Helena Lyng Blak
1 week ago

Unrest in Georgia As Parliament Passes Controversial ‘Russian Law’

Georgia faces widespread protests as parliament adopts a new law.
Tbilisi, Georgia - 25th february, 2021: Hundred years anniversary event on Tbilisi. Protestors by parliament building on anniversary event. — Photo by evaldas.lp@gmail.com
Tbilisi, Georgia - 25th february, 2021: Hundred years anniversary event on Tbilisi. Protestors by parliament building on anniversary event. — Photo by evaldas.lp@gmail.com

On Tuesday afternoon, local time, May 14, 2024, the Parliament of Georgia passed its controversial ‘foreign influence’ bill amid significant opposition from both the country’s population and president. 

The legislation requires media and non-commercial organizations that receive more than 20% of their funding from other countries will need to register as ‘foreign agents’.

The bill is commonly referred to as the ‘Russian Law’ by critics due to its similarity to a piece of 2012 Russian legislation that has been used to close media critical of the Kremlin as well as NGO chapters and organizations. 

Those in opposition to the Georgian bill fear that the same will happen if the legislation is implemented in the country. 

The bill was passed despite major protests taking place throughout the last month.

The bill was expected to pass during the morning session but was delayed after the final debate in Parliament was interrupted when a physical fight broke out between the opposing sides, Danmarks Radio writes. 
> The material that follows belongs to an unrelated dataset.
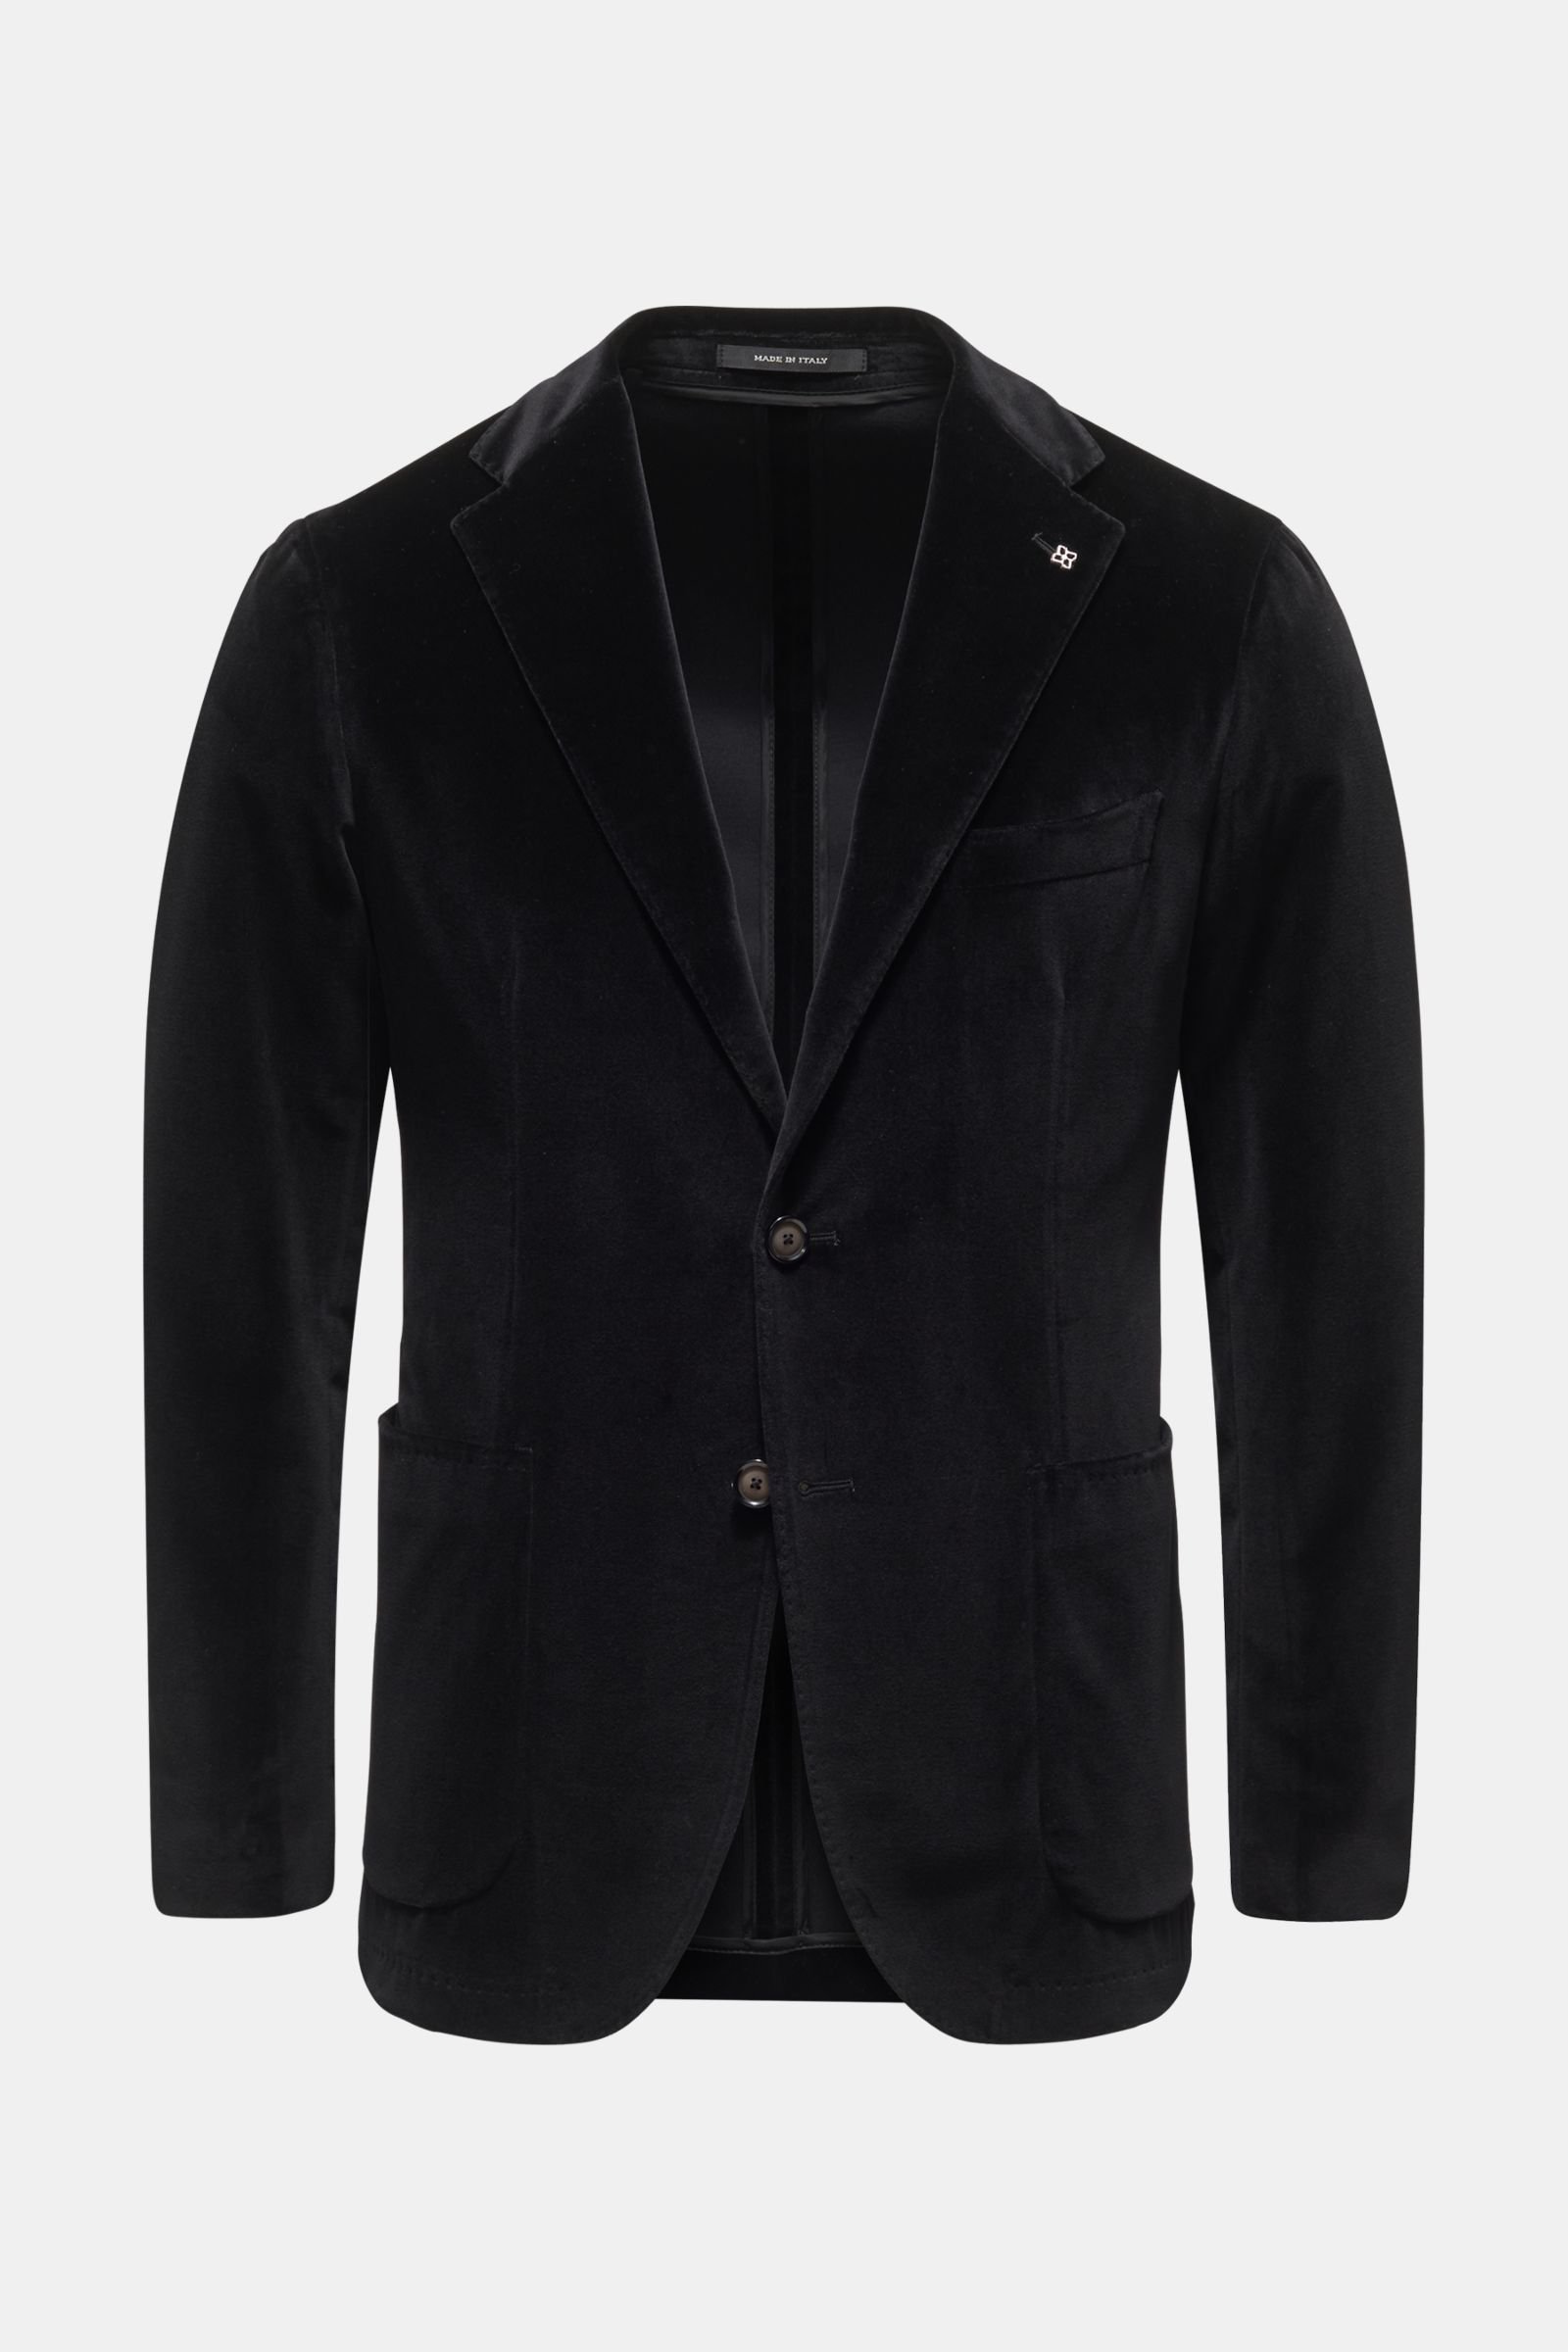 Velvet jacket black

This is not the first time the bill has led to actual violence in parliament. Three weeks ago, a member of the opposition, Aleko Elisashvili, punched majority leader Mamuka Mdinaradze for supposedly being “pro-Russian”.
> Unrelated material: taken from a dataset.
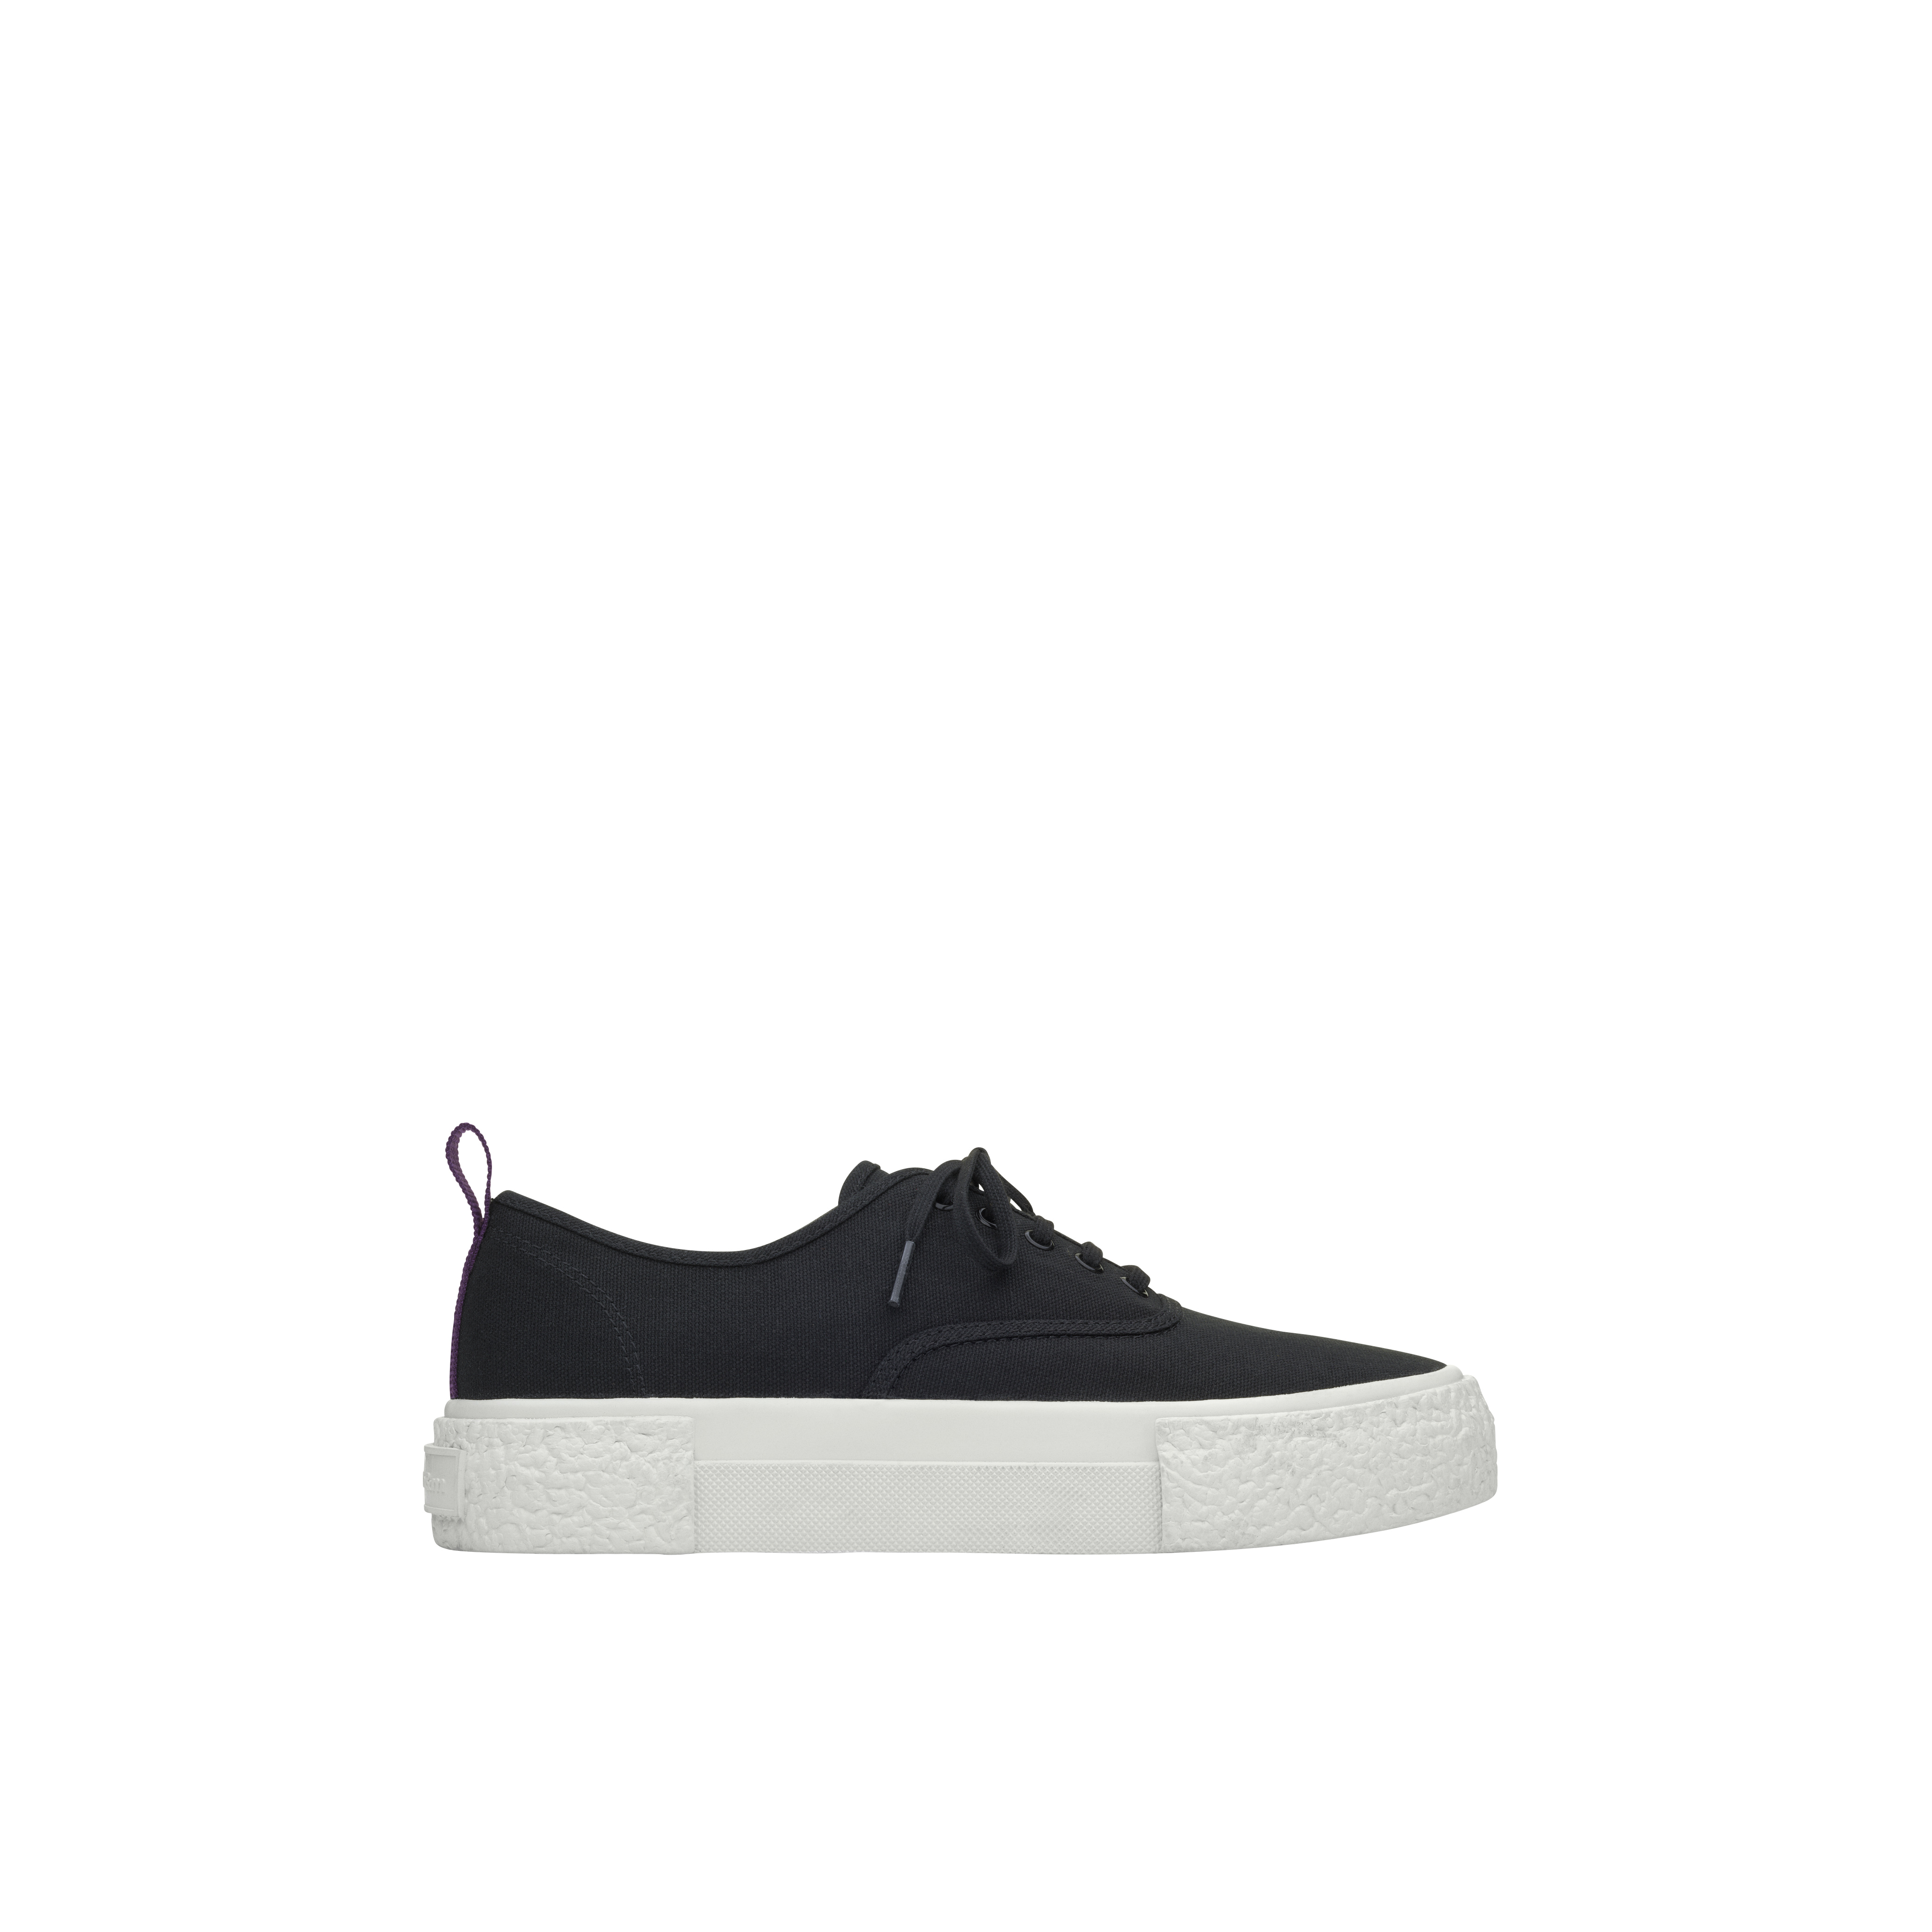 Sneaker (Black) - RM 229.95 - MASSES

As the Parliament passed the bill, protests outside the Parliament building intensified, with police and demonstrators clashing. 

“Generally, I have to say that the mood has changed substantially in this group of protesters since it became clear that the bill has been passed inside,” said a Danmarks Radio correspondent present at the Tbilisi protests. 

“I feel like this law is going to destroy the European future my country has been fighting for,” one protester, Keti Matchavariani, told CNN on Tuesday, continuing, “I think that the Georgian government is trying to take something away from us, that we—the majority of us—are very desperate to have.”

Georgia’s President Salome Zourabichvili has sworn to veto the bill; however, that is primarily a “symbolic” action, the President told CNN.